[Start of section]

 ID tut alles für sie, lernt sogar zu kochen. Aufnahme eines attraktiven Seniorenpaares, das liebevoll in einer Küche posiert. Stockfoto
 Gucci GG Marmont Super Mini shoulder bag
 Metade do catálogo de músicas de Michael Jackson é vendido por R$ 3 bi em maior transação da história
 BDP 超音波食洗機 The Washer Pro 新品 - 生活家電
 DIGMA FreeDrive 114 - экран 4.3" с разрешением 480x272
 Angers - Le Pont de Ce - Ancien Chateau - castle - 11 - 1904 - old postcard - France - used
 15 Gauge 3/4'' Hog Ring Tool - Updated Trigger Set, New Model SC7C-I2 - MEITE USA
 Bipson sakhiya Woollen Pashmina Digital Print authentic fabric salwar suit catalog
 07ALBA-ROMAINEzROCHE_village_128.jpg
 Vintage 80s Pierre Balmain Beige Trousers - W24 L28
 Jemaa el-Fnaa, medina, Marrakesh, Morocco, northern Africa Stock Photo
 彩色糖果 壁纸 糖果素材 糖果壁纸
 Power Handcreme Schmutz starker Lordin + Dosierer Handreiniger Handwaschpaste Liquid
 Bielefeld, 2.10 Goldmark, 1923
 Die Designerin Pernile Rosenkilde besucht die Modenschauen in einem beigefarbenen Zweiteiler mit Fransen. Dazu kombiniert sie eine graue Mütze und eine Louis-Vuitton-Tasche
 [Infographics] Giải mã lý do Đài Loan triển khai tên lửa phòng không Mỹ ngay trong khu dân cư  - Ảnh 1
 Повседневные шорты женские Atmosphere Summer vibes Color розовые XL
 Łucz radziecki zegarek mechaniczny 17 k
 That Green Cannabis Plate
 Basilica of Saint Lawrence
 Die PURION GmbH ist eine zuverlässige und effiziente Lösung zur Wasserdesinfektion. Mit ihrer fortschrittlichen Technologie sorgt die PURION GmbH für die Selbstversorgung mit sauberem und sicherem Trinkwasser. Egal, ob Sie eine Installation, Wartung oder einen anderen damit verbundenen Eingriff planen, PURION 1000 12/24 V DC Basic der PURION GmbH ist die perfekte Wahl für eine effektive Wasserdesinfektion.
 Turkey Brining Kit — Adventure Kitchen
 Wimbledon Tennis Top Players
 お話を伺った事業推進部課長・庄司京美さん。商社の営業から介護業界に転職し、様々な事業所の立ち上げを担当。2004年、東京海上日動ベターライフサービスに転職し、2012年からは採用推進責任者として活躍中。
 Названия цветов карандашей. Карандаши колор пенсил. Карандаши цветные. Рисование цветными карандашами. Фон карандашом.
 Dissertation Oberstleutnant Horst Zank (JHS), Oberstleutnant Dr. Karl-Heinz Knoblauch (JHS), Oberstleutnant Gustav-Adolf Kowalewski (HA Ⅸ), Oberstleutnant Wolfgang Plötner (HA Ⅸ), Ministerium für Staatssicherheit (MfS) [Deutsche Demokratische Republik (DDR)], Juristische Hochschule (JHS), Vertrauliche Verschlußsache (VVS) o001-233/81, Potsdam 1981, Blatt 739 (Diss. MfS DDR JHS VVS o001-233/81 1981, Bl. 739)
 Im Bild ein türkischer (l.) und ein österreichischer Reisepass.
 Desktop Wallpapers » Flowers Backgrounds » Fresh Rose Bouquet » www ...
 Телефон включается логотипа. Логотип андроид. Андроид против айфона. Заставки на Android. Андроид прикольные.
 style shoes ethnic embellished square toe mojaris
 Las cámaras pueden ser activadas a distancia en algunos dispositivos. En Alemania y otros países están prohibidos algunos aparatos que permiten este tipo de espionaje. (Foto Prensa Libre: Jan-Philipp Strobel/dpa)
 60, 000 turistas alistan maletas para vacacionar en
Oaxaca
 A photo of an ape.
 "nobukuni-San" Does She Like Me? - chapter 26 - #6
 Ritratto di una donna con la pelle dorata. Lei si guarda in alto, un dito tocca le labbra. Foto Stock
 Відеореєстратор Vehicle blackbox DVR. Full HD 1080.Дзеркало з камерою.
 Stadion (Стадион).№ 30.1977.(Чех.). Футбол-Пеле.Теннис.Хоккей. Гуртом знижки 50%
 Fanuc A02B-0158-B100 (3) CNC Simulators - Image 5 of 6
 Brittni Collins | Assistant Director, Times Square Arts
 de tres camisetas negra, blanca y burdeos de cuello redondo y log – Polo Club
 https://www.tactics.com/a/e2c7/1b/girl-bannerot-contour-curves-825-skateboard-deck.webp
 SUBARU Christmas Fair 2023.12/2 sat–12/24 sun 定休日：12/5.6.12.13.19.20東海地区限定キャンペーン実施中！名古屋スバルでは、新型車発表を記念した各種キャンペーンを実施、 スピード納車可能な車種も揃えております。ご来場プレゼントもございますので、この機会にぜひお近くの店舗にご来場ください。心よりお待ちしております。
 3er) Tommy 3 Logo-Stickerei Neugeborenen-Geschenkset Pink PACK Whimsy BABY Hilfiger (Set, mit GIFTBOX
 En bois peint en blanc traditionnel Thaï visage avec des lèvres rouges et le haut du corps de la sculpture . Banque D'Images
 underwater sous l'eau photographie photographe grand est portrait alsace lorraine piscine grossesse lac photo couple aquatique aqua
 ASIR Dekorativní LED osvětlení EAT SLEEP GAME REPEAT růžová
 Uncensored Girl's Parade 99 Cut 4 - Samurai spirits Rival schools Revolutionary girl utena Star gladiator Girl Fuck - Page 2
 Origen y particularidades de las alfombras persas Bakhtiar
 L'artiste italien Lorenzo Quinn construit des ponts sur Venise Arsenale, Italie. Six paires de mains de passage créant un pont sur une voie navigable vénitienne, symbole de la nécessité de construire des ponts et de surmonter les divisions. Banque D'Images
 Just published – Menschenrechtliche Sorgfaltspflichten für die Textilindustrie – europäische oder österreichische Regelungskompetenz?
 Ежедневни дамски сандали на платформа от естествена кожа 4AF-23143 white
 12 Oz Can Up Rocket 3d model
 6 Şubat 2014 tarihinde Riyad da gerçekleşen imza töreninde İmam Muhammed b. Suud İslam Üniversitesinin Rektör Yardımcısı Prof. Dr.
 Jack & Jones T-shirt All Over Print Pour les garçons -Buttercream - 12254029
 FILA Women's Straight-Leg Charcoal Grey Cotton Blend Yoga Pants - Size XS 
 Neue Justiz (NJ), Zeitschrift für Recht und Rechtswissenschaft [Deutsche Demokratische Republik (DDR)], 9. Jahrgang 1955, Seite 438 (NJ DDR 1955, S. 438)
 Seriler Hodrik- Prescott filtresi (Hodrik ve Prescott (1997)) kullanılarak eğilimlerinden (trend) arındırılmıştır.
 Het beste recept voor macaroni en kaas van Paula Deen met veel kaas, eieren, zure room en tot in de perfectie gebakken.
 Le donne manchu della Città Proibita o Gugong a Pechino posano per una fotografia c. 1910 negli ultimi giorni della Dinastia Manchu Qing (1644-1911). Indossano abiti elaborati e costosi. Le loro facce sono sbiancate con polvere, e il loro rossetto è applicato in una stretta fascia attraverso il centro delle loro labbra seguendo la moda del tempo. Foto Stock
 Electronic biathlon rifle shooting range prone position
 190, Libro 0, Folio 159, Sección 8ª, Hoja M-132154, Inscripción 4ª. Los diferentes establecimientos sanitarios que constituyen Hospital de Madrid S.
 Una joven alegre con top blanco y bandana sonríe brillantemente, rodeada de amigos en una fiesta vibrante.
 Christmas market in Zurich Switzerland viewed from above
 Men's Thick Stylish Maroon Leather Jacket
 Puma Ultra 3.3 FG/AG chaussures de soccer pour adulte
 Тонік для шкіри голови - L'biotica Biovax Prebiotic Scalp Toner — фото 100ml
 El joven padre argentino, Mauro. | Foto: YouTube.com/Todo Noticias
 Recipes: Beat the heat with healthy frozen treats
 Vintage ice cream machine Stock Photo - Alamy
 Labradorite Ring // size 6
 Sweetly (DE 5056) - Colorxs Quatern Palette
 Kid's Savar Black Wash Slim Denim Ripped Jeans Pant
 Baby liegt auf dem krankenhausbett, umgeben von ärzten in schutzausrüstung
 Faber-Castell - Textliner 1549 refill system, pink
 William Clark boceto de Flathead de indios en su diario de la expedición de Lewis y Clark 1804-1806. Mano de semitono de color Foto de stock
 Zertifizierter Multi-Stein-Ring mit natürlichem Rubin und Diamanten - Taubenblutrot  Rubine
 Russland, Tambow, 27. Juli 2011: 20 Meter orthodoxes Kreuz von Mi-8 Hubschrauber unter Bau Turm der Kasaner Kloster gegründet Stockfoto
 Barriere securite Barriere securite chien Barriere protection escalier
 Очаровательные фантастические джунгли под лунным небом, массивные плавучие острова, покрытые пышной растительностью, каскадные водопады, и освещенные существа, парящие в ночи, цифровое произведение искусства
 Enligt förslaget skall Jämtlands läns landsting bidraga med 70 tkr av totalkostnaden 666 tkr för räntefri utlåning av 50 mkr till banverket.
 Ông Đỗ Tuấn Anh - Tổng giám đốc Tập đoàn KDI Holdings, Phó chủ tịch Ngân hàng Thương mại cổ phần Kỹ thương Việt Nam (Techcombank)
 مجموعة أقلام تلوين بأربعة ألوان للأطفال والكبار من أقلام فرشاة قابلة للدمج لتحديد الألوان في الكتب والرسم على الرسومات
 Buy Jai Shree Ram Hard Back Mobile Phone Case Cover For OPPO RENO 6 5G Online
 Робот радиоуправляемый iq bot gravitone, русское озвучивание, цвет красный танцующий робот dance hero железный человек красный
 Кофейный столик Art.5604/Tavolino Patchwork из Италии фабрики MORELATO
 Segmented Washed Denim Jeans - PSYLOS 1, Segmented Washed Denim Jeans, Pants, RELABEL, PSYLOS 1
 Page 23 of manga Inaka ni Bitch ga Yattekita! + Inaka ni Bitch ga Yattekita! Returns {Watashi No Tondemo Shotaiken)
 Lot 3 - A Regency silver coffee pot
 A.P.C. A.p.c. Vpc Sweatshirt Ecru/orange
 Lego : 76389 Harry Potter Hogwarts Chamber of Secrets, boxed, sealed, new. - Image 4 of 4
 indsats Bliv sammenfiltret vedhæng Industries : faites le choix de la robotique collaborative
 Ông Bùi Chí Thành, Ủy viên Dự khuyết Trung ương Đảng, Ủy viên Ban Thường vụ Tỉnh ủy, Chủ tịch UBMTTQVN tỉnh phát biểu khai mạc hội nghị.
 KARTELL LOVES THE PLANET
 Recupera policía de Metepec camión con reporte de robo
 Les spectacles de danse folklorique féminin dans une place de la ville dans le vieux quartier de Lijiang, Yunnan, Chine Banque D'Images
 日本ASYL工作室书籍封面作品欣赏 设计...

[End of section]

# GOAL OF THE EXERCISE:
Exact duplication is required for the lines above, from the line that contains "Ông Đỗ Tuấn" to the line that contains "indsats Bliv sammenfiltret", inclusive; omit all others.

# ANSWER:
 Ông Đỗ Tuấn Anh - Tổng giám đốc Tập đoàn KDI Holdings, Phó chủ tịch Ngân hàng Thương mại cổ phần Kỹ thương Việt Nam (Techcombank)
 مجموعة أقلام تلوين بأربعة ألوان للأطفال والكبار من أقلام فرشاة قابلة للدمج لتحديد الألوان في الكتب والرسم على الرسومات
 Buy Jai Shree Ram Hard Back Mobile Phone Case Cover For OPPO RENO 6 5G Online
 Робот радиоуправляемый iq bot gravitone, русское озвучивание, цвет красный танцующий робот dance hero железный человек красный
 Кофейный столик Art.5604/Tavolino Patchwork из Италии фабрики MORELATO
 Segmented Washed Denim Jeans - PSYLOS 1, Segmented Washed Denim Jeans, Pants, RELABEL, PSYLOS 1
 Page 23 of manga Inaka ni Bitch ga Yattekita! + Inaka ni Bitch ga Yattekita! Returns {Watashi No Tondemo Shotaiken)
 Lot 3 - A Regency silver coffee pot
 A.P.C. A.p.c. Vpc Sweatshirt Ecru/orange
 Lego : 76389 Harry Potter Hogwarts Chamber of Secrets, boxed, sealed, new. - Image 4 of 4
 indsats Bliv sammenfiltret vedhæng Industries : faites le choix de la robotique collaborative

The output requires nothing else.